▸ **TASK INSTRUCTIONS**: Once you find the line with "Luxury yacht for", transcribe it and all the lines that follow to the end of the data, exactly as written; skip any pictures.

▸ **DATA**:

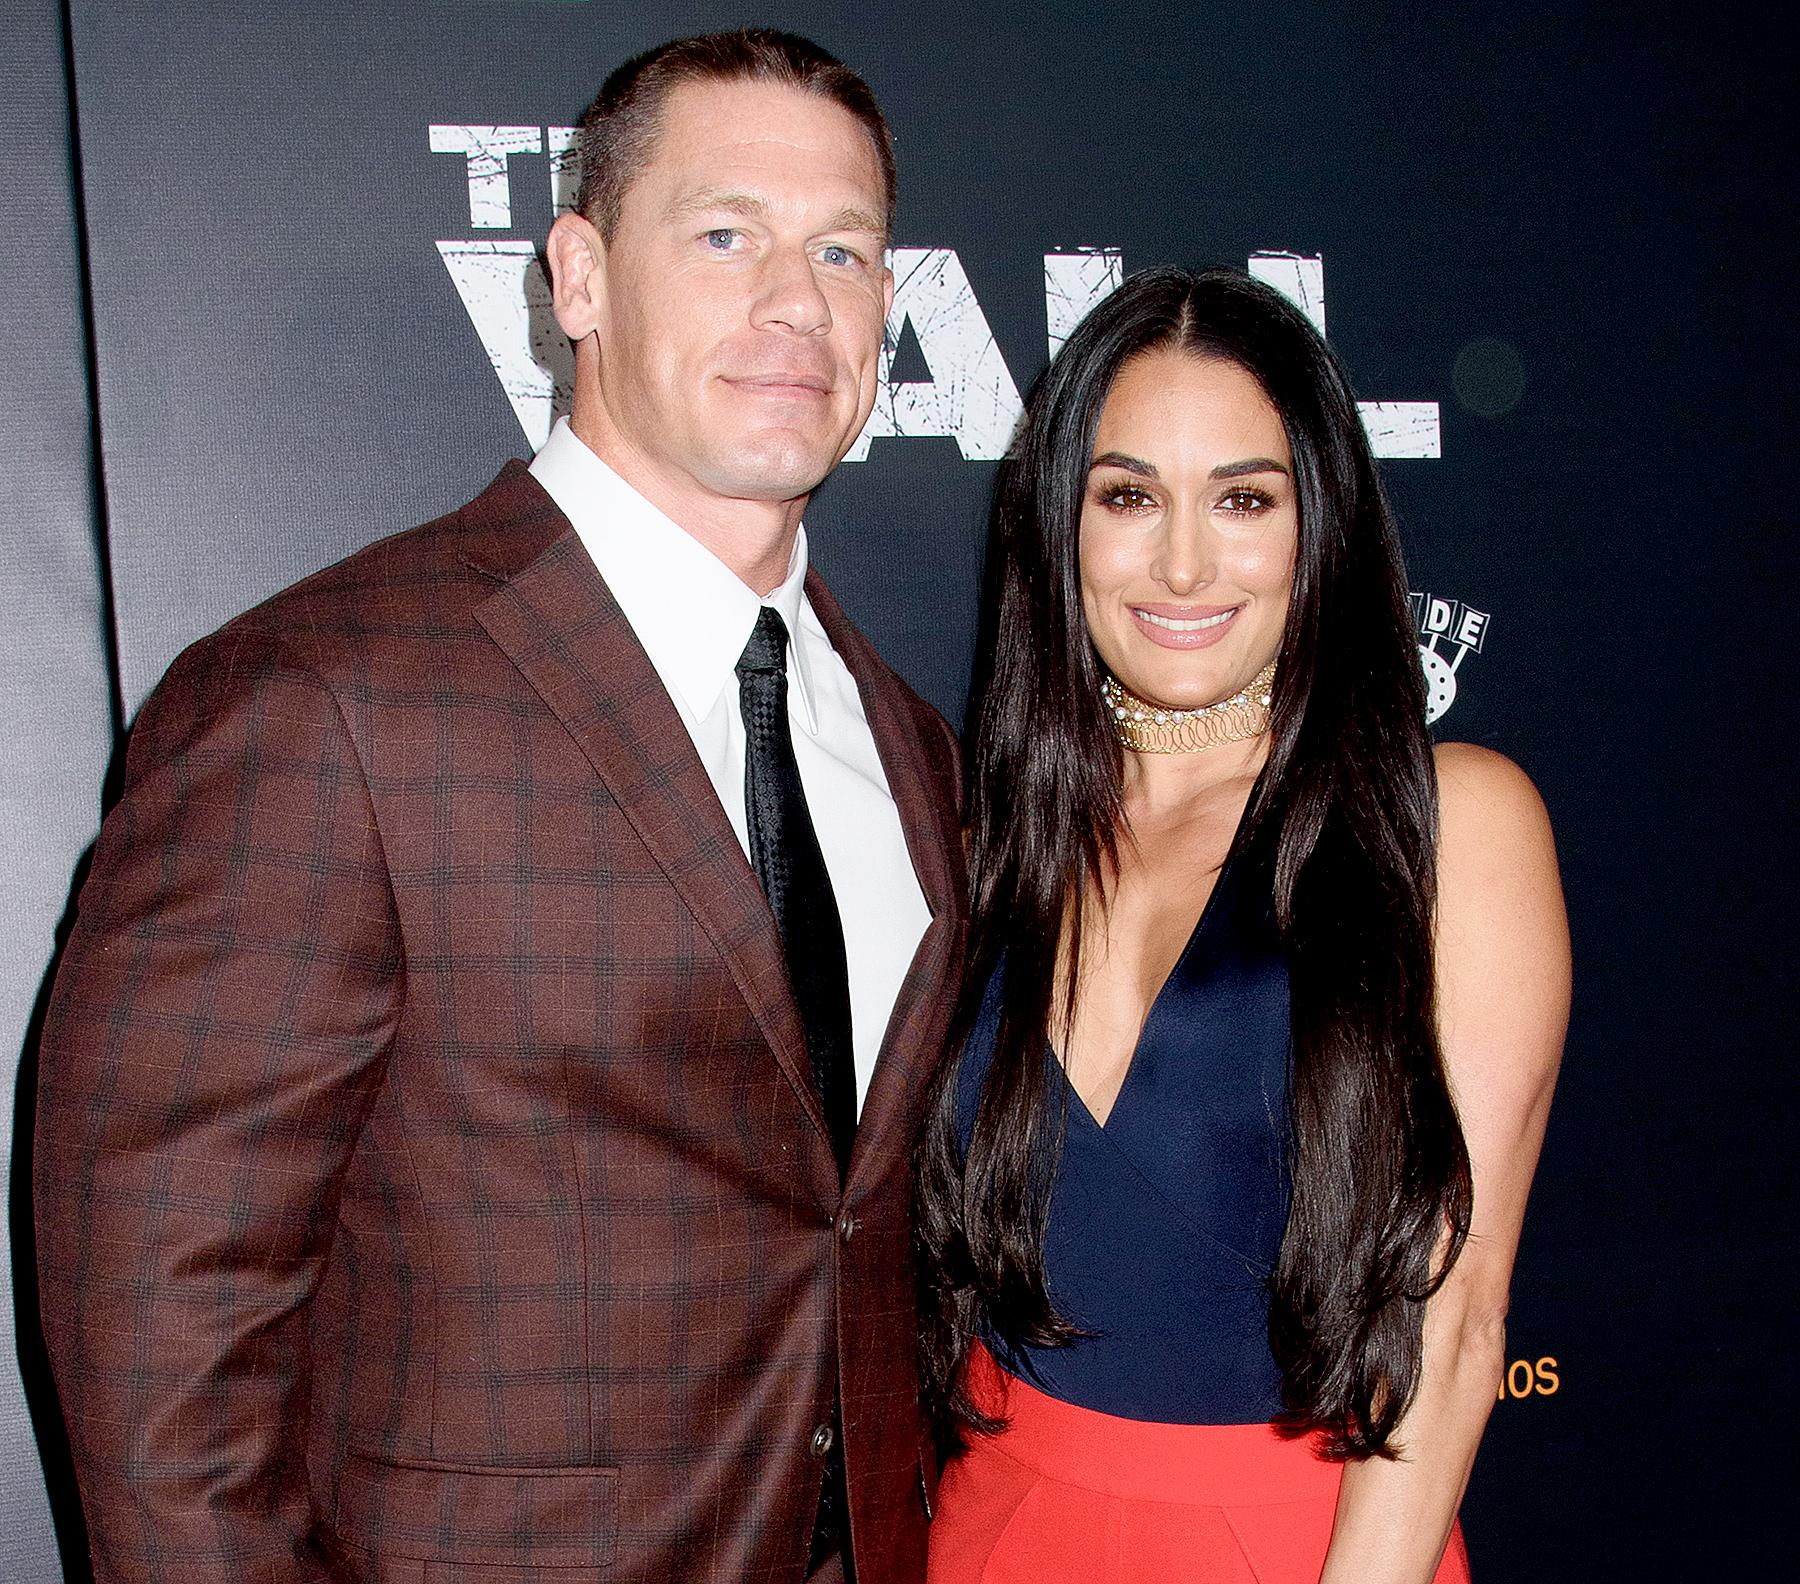 cbeee4ac50eb John Cena Tweets About No Regrets Amid Nikki Bella Split Rumors
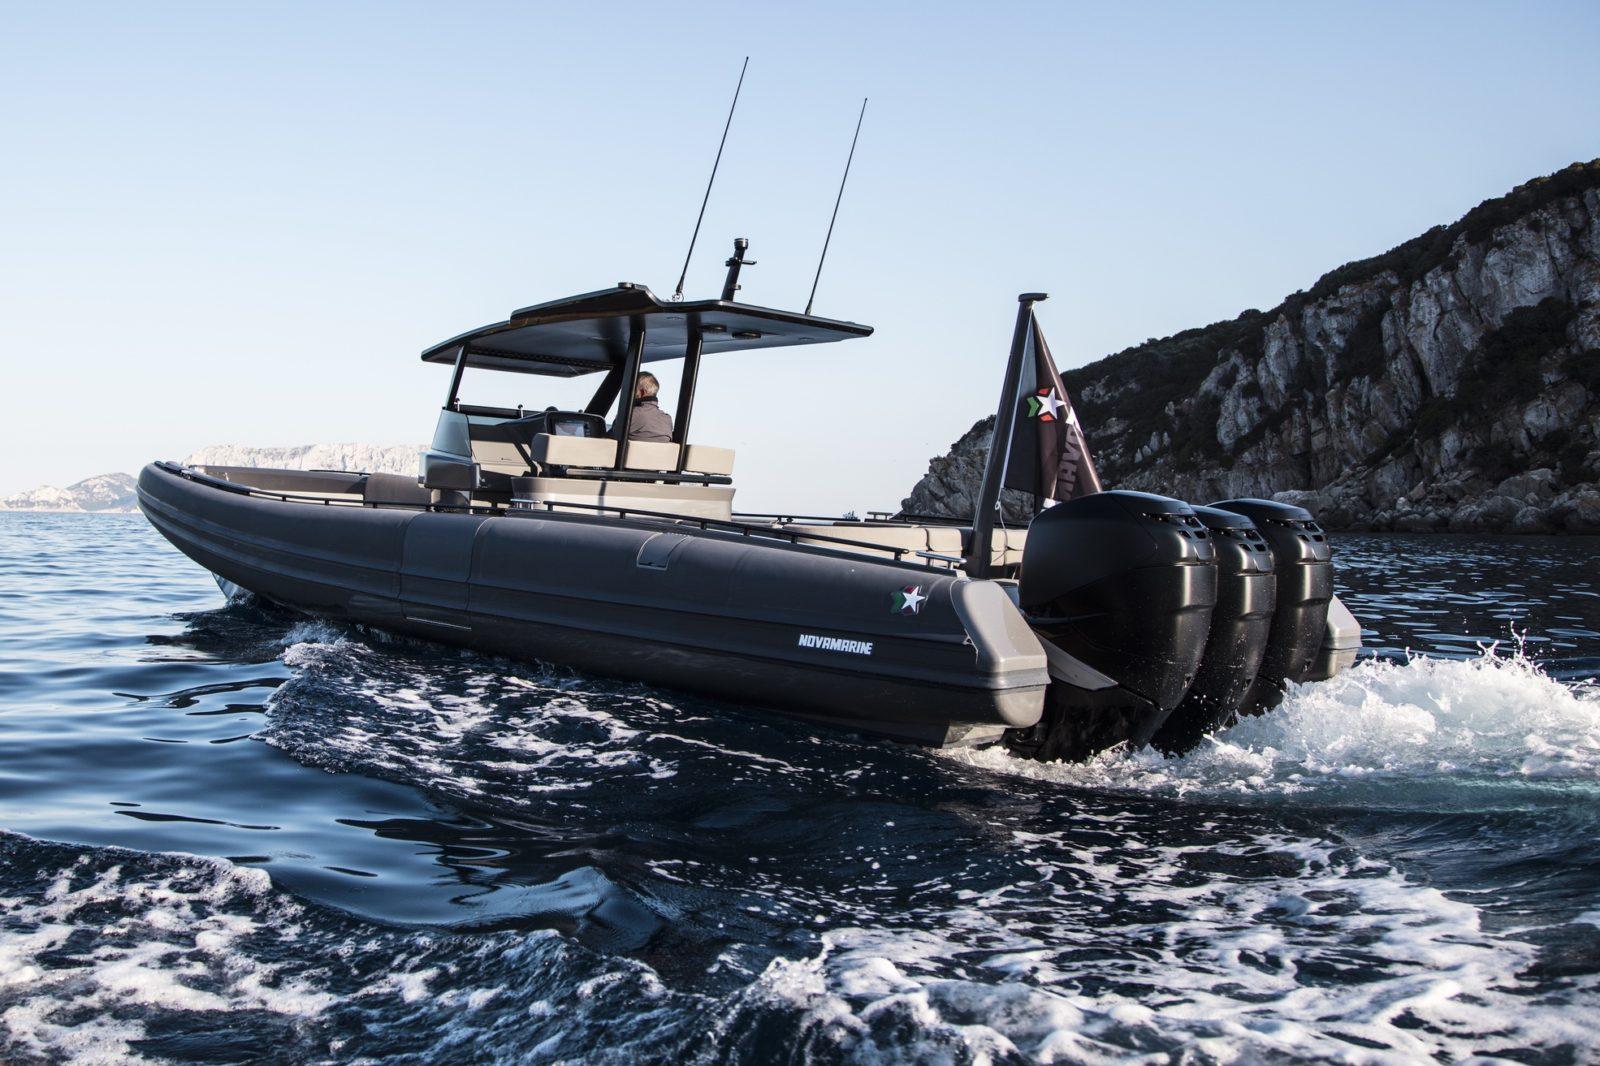 Luxury yacht for Sale | Black Shiver 120 (New) w/ Mercury Racing by Novamarine
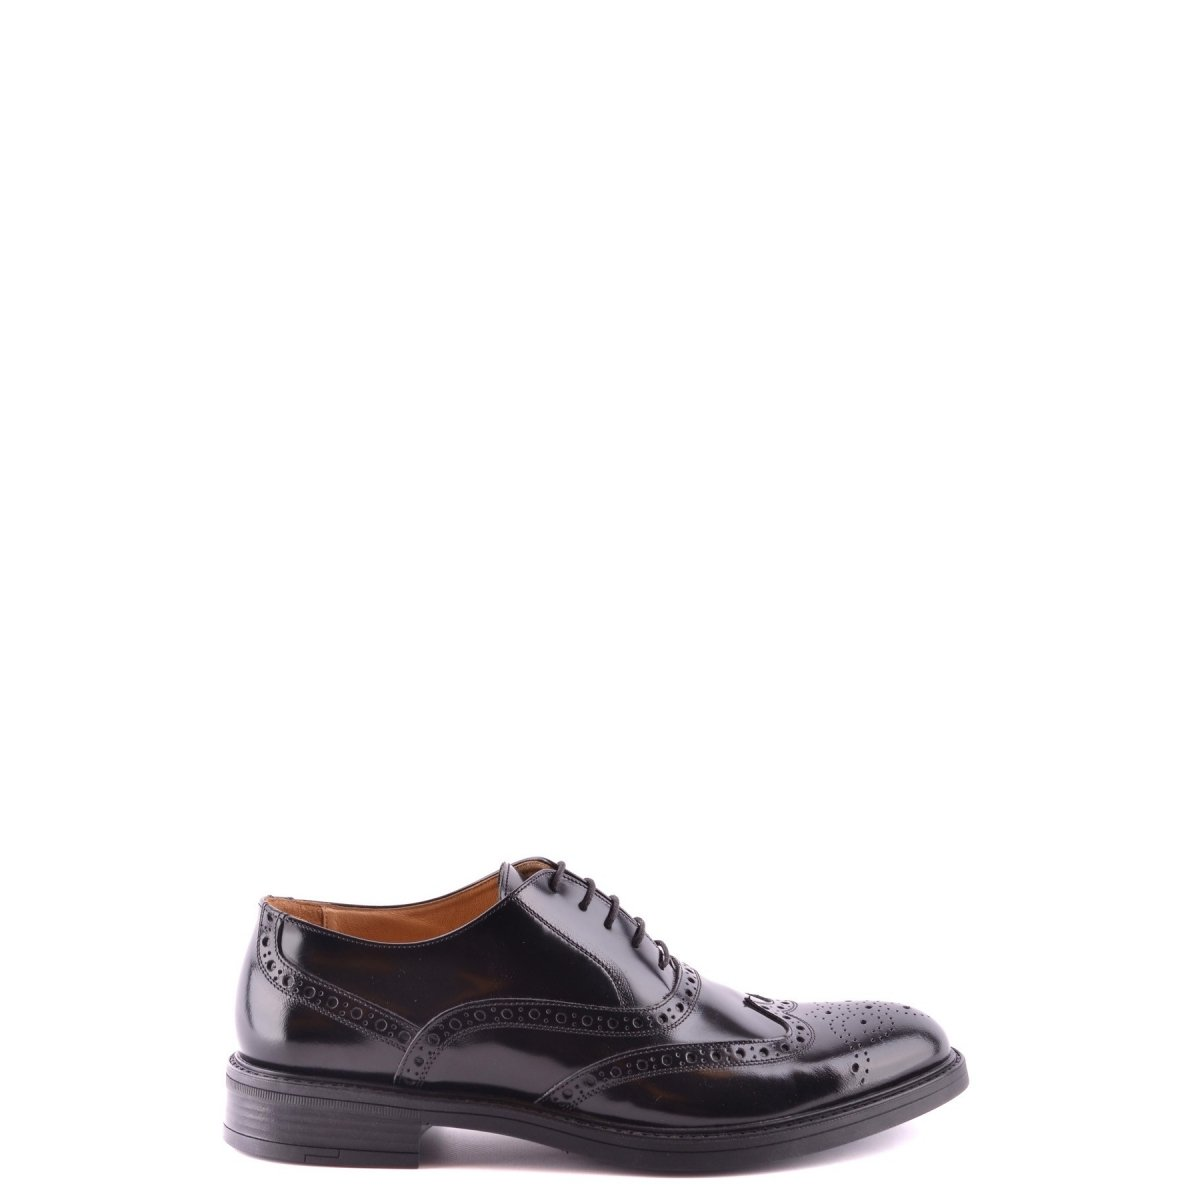 Schuhe nn283 Barbati Uomo 40 schwarz leder 40

▸ **ANSWER BOX**:
 Luxury yacht for Sale | Black Shiver 120 (New) w/ Mercury Racing by Novamarine
 Schuhe nn283 Barbati Uomo 40 schwarz leder 40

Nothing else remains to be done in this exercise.